Making a world for a game means that you always have to keep gameplay in mind.  If the intelligent life on your world is limited to one village of humans that survived the recent plague… well, that’s not very good for an RTS.  Is your world a realistic dark ages setting with no magic or magic-like stuff at all?  Well, that’s gonna do shitcicles for an RPG.  Always keep gameplay in mind.

With an RTS, this means that you’re always going to have to think about which factions are large enough to be playable, relationships between various kingdoms/empires/races/whatever, and lots of other stuff.  In addition, you’ll have to think about what would happen if there were expansions for your RTS.  Because everyone loves expansions.  Even Hitler loved expansions.
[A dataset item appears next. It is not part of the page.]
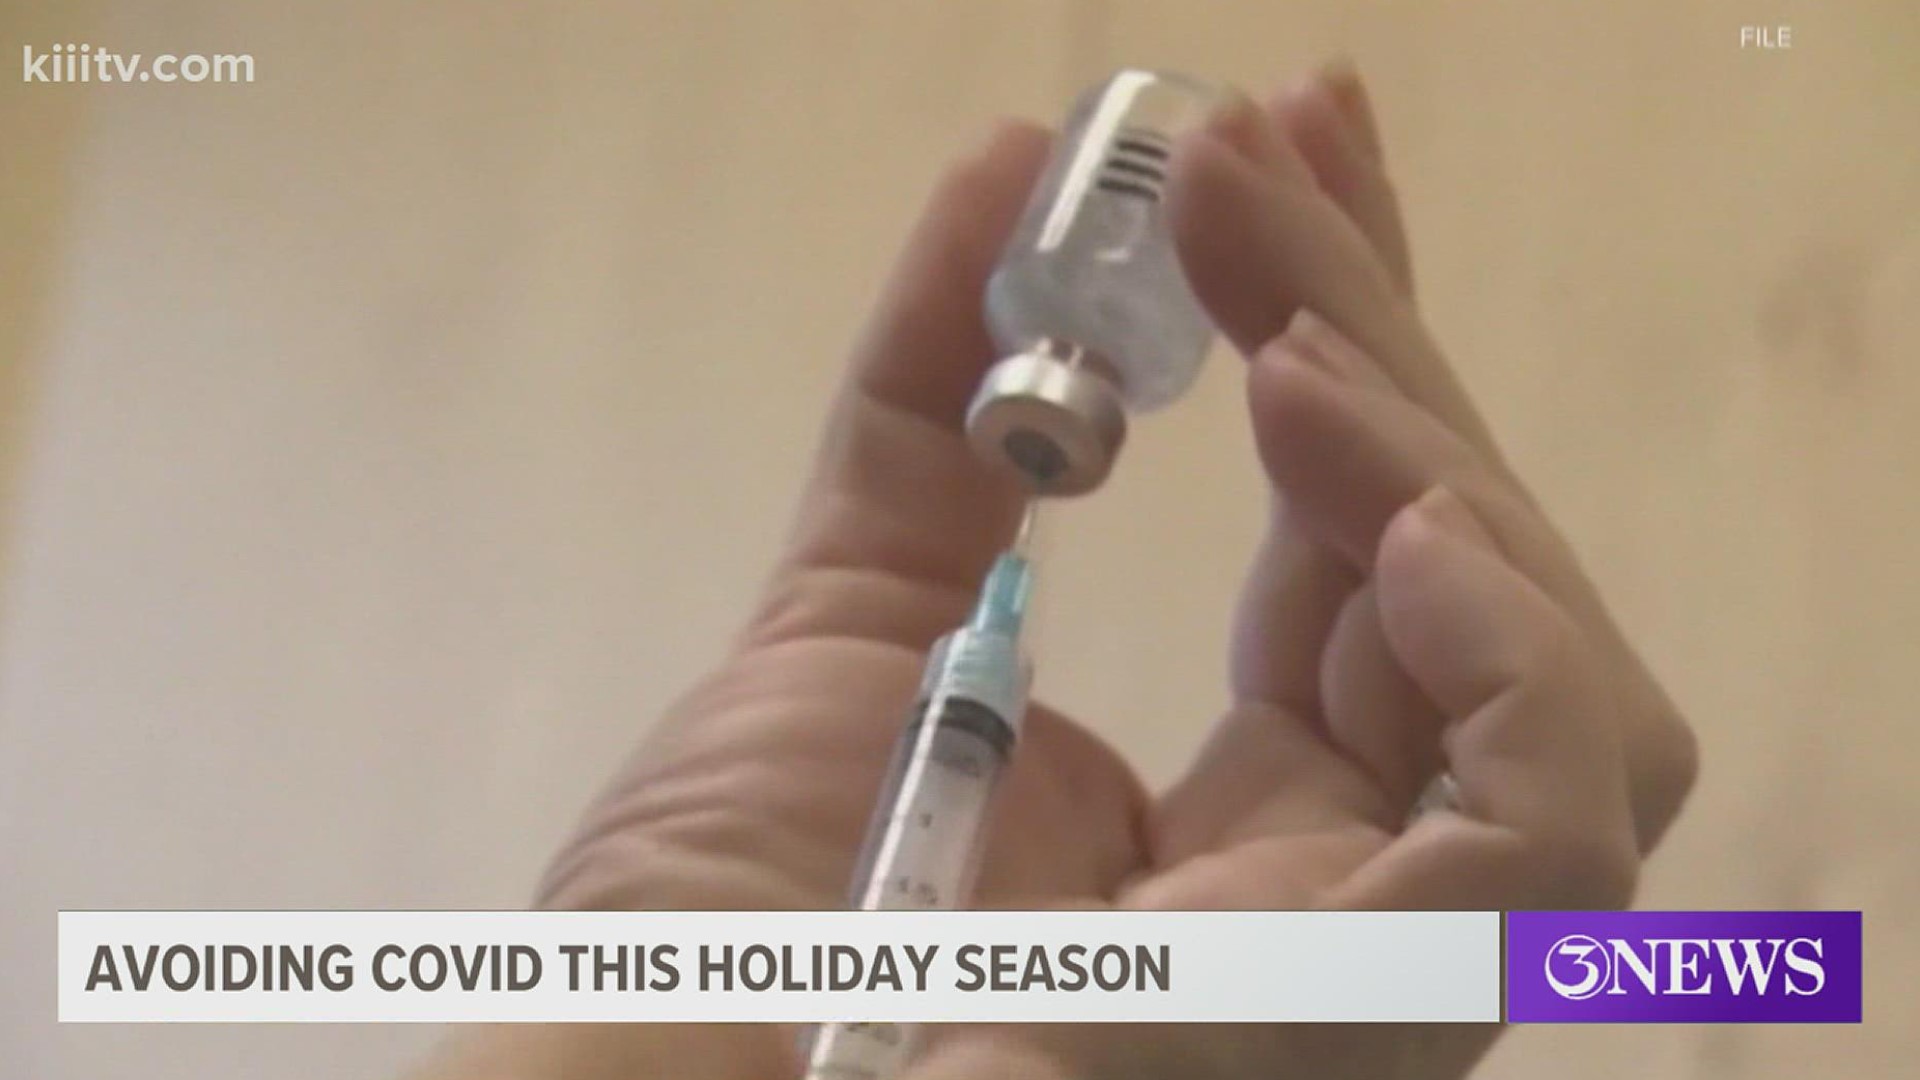 Vaccinated or not, Coastal Bend health expert Dr. Kim Onufrak said if you plan on joining in on those shopping crowds this week, to make sure you mask up.

So.  We’ve got that my world is going to be a fantasy world, and that it’s going to be intended for use in an RTS.  We’ve also got a ton of vaguely coherent rambling and references to games you probably haven’t played.  That’s enough for today.  Tommorow, I’ll talk about which races are going to be included in this world of mine, and which cultures will be present.  Or I might forget, or just not feel like it.  But I’ll try.

Hi.

Greetings. This is an introductory post, telling you what’s going to happen on this blog, and what isn’t.

I am a very creative person, and if I think about too much stuff at one time, I get all distracted and it’s really no fun at all. So, most of the time, I just write stuff down randomly when I get too many ideas floating around in my head. This is the purpose of this blog. I will put my ideas here. Lots of them. These ideas will most commonly take the form of ideas for games.

A warning: My ideas are often very disjointed. I don’t actually finish things… ever. And I come back to ideas, too. I might revisit an idea I had five months ago, and explain it in greater detail.

To summarize: On this blog, you will find ideas by me. These ideas may range from completely and totally brilliant to mind-numbingly moronic. On this blog you will not find most of the things you normally find in blogs. Politics. Current events. Posts that begin with “Today I got up at 11:00 am… then I had a sandwhich.” Basically, all that boring shit.

So, yeah. Enjoy. Or, as an alternative… don’t. Your choice.